Principal · Chief Investment Officer, BCM

Principal and CIO at Brookmont Capital Management, an asset manager with over $1 billion in AUM. Founder of Impact Shares, a nonprofit asset manager, and Chairman of the Board for three mutual fund complexes totaling over $8 billion in assets. 28+ years in financial services across hedge funds and private equity, including senior roles at Highland Capital Management.

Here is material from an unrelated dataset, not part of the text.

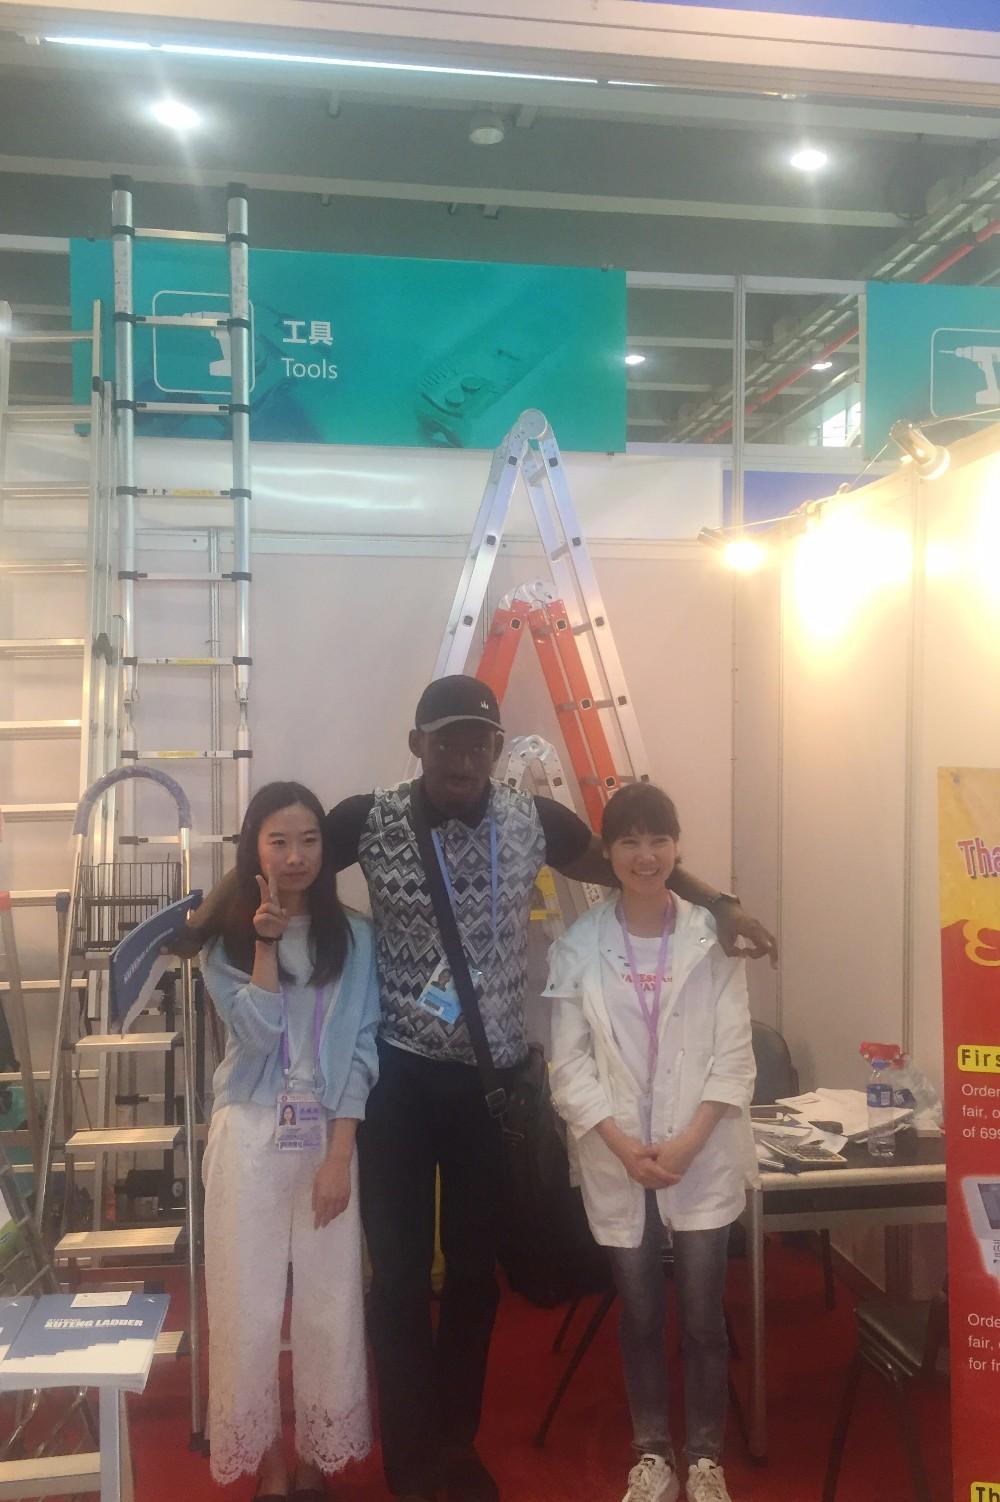 Goedkope aluminium opvouwbare ladder stoel kids ladder for Goedkope kappersstoel

Former CPA. MS in Management Information Systems and BS in Accounting from Texas A&M University.

AL

Andrew Lin

Chief Technology Officer

Director of Technology at Vela Wood; prior experience as In-House Counsel and Software Engineer at Arrived, and as an Associate at Gibson Dunn. Bridges the legal, engineering, and systems architecture dimensions critical to building robust automated loan-selection and ABS reporting infrastructure. JD from NYU School of Law; BS in Biochemistry from the University of Texas.